Мои сочинения, недавно еще бесцветные и посредственные, превратились в более или менее удачные подражания великолепным гениям, творчество которых покорило меня. Я был то Виктором Гюго, стоящим на берегу своего разбушевавшегося океана, то Ламартином, спустившим ноги в воды своего озера. Небесная музыка нисходила на меня по ночам. Мои литературные увлечения разделили полдюжины товарищей по классу. Мы образовали группу любителей изящной словесности, высокопарно названную «Академия» (уже!), и решили издавать газетку под названием «Хаос» для школьного и семейного чтения. Шесть номеров газеты смогли выйти благодаря финансовой поддержке самых щедрых из родителей учеников. Я, конечно, не просил помощи у папы, который был в крайне затруднительном положении, однако никто из «академиков» не сердился на меня за это невольное неучастие. Я регулярно поставлял в «Хаос» материалы. Из-под моего пера выходили то иронические, то пессимистические стихи – я только что открыл символистов. И, меняя модели, писал под Верлена, под Рембо. Как и они, я мечтал стать «проклятым поэтом». Но в то время был лишь самым заурядным лицеистом, и совсем не проклятым, разрывавшимся между сознанием своей беспросветной серости и пониманием того, что не имел права жаловаться, так как мог спать в тепле и есть, когда был голоден. Лишь переход в философский класс заставил меня вернуться к прозе.

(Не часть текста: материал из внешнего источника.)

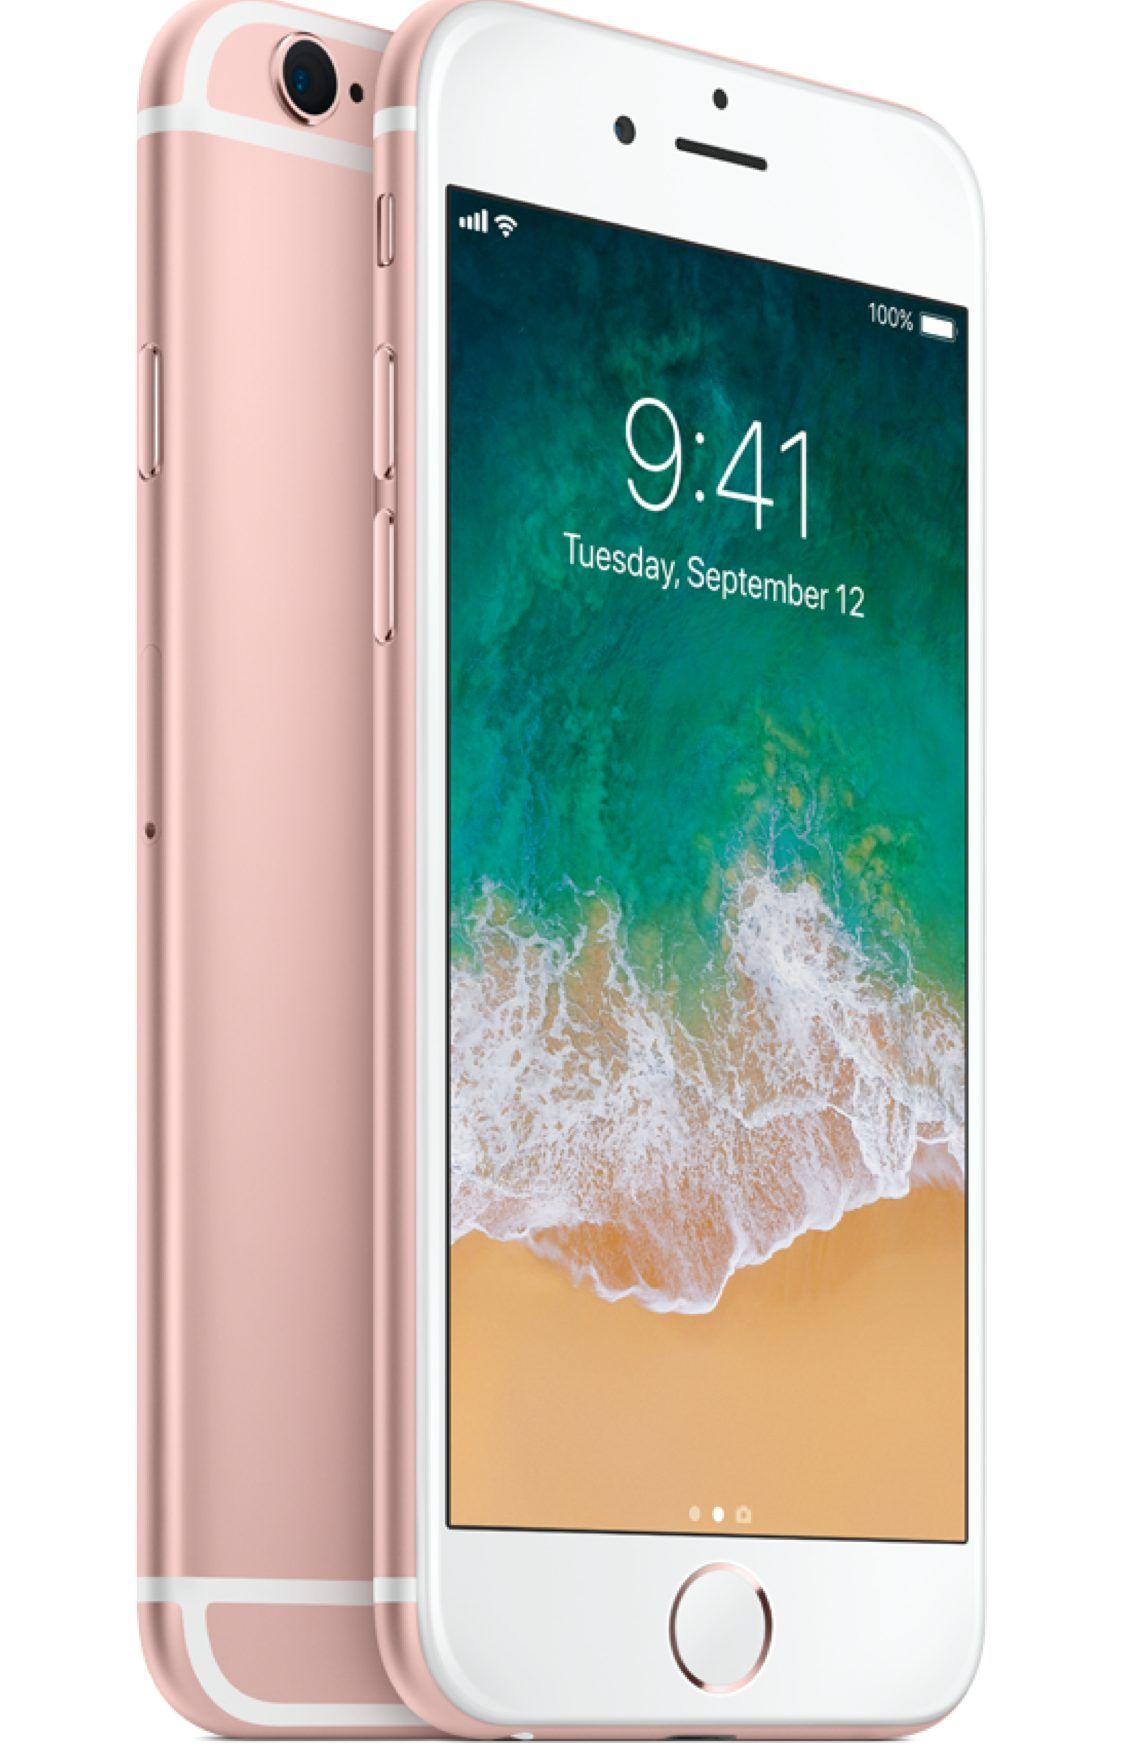 Apple iphone 6s 32gb rose gold main image 3

Начиная с этого времени, Декарт, Кант, Лейбниц, Шопенгауэр, Бергсон столкнулись в моем возбужденном уме с великими русскими и французскими романистами. Они прошли друг за другом за предшествовавшими им поэтами. Я очень быстро догадался, что сбился с пути, пытаясь уподобиться последним, и что должен был для того, чтобы остаться верным своему призванию, стать в лагерь прозаиков. Довольно долго еще я с удивлением черкал элегические стихи на полях моих рукописей в прозе. Потом подчинился неизбежному.

Главные события моей жизни в это время преобразований и открытий были успокаивающе банальны. Школьные успехи, мимолетные увлечения, потеря невинности, чтение без разбора, обретение – столь же нежданное, сколь недолговечное – друзей, успешное получение двух бакалаврских степеней, поступление на факультет права в Париже…

Рутина жизни послушного студента, который не доставляет слишком много хлопот своим родителям. Брат тоже, вооруженный дипломами, только что «отхватил» по окончании Высшей школы электричества должность инженера в одной фирме по установке телефонной аппаратуры. Он приносил домой деньги, что позволяло папе, который – будучи все еще в отчаянном положении – постоянно жил в долг, немного рассчитаться с платежами.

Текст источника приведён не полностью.